Na lista de vantagens é importante evidenciar ainda a presença de etanol. “Um vinho sem álcool pode não ter o mesmo efeito, até porque o facto de o etanol estar presente na bebida ajuda a potenciar os benefícios do néctar”, afirma Calhau, salientando que o vinho tinto deveria, na sua opinião, ser considerado uma “bebida fermentada” e não alcoólica, termo com “má conotação”.
Mas o que é um consumo moderado?
Esta é uma pergunta à qual é difícil de responder, dado que o tema é discutível dentro da comunidade científica e depende, segundo a nutricionista Conceição Calhau, da etnia, composição corporal e idade de uma pessoa. Mas se não há limite mínimo definido, o mesmo não se pode dizer em relação à linha que separa o que é moderado do que não o é: a ideia é nunca beber mais do que um a dois copos por dia.
É que o consumo exagerado está diretamente relacionado com a toxicidade do álcool que, por sua vez, afeta o sistema nervoso central e pode até ser responsável pelas constantes perdas de memória. Outra desvantagem considerada a longo prazo relaciona o consumo desregrado de vinho tinto com o aumento do risco de alguns tipos de cancro.

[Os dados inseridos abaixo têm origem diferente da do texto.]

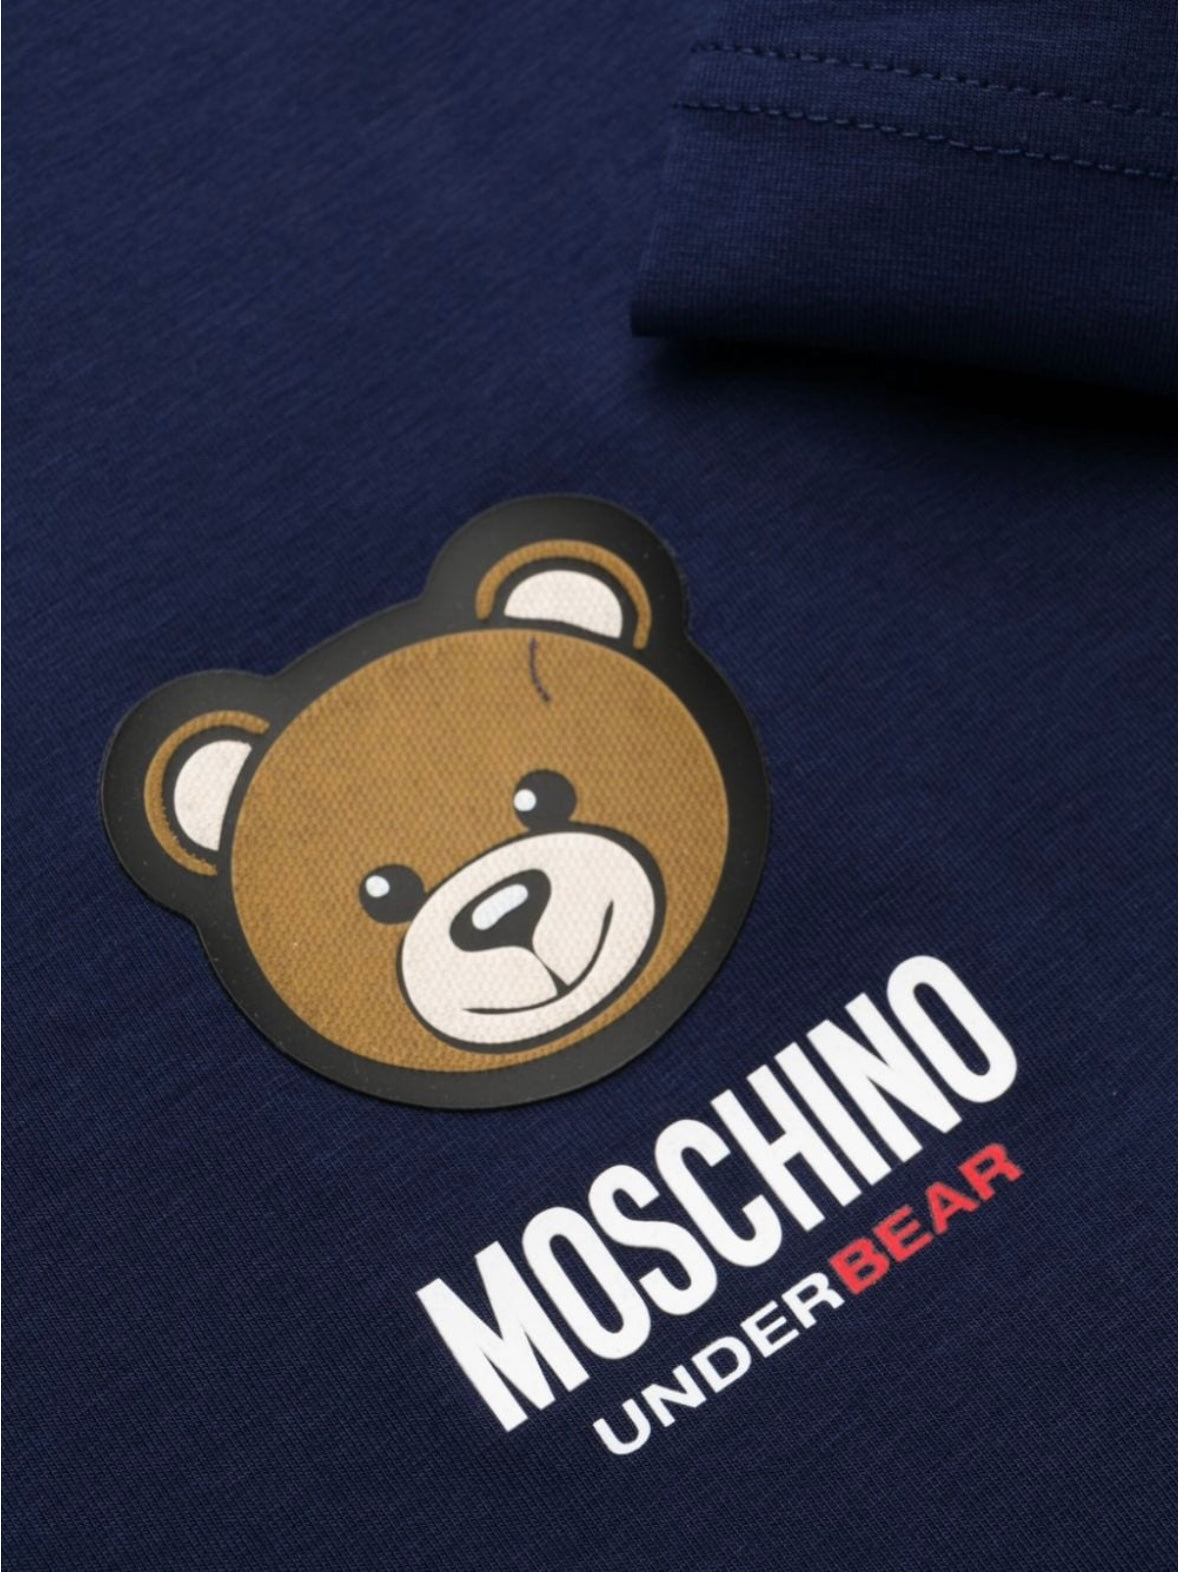 MOSCHINO UNDERWEAR - T-Shirt patch logo

Mas não é só a quantidade bebível que entra em debate, como também as circunstâncias em que, neste caso, o vinho tinto deve ser ingerido — “Deve-se beber o vinho à refeição, sem dúvida nenhuma”, afirma Calhau, explicando que ingerir vinho em jejum faz com que o álcool chegue mais rapidamente ao sangue, o que representa um nível mais elevado de toxicidade.
A nutricionista Iara Rodrigues, por sua vez, coloca outra ideia em cima da mesa, defendendo que quem não ingere álcool não deve começar a beber vinho apenas por este estar associado a um conjunto de benefícios: “Não vou considerar vinho no plano alimentar de alguém que não o beba. Estamos a falar de álcool e o álcool vai sempre afetar a saúde de uma pessoa”.
No outro lado da barricada, Rodrigues afirma ainda que quem bebe com frequência deve dar privilégio ao vinho por comparação a outras bebidas, dado que tem menor teor alcoólico do que outras propostas tentadoras como o gin ou o whisky. “No vinho podemos falar dos benefícios da uva relacionados com a parte cardíaca e enquanto agente regenerador de células, no caso das bebidas destiladas isso não acontece. Correspondem à manipulação de cereais e têm um teor alcoólico mais elevado”. Para esta nutricionista, o vinho está no topo da hierarquia das bebidas alcoólicas, sem descurar — repita-se — o seu consumo moderado.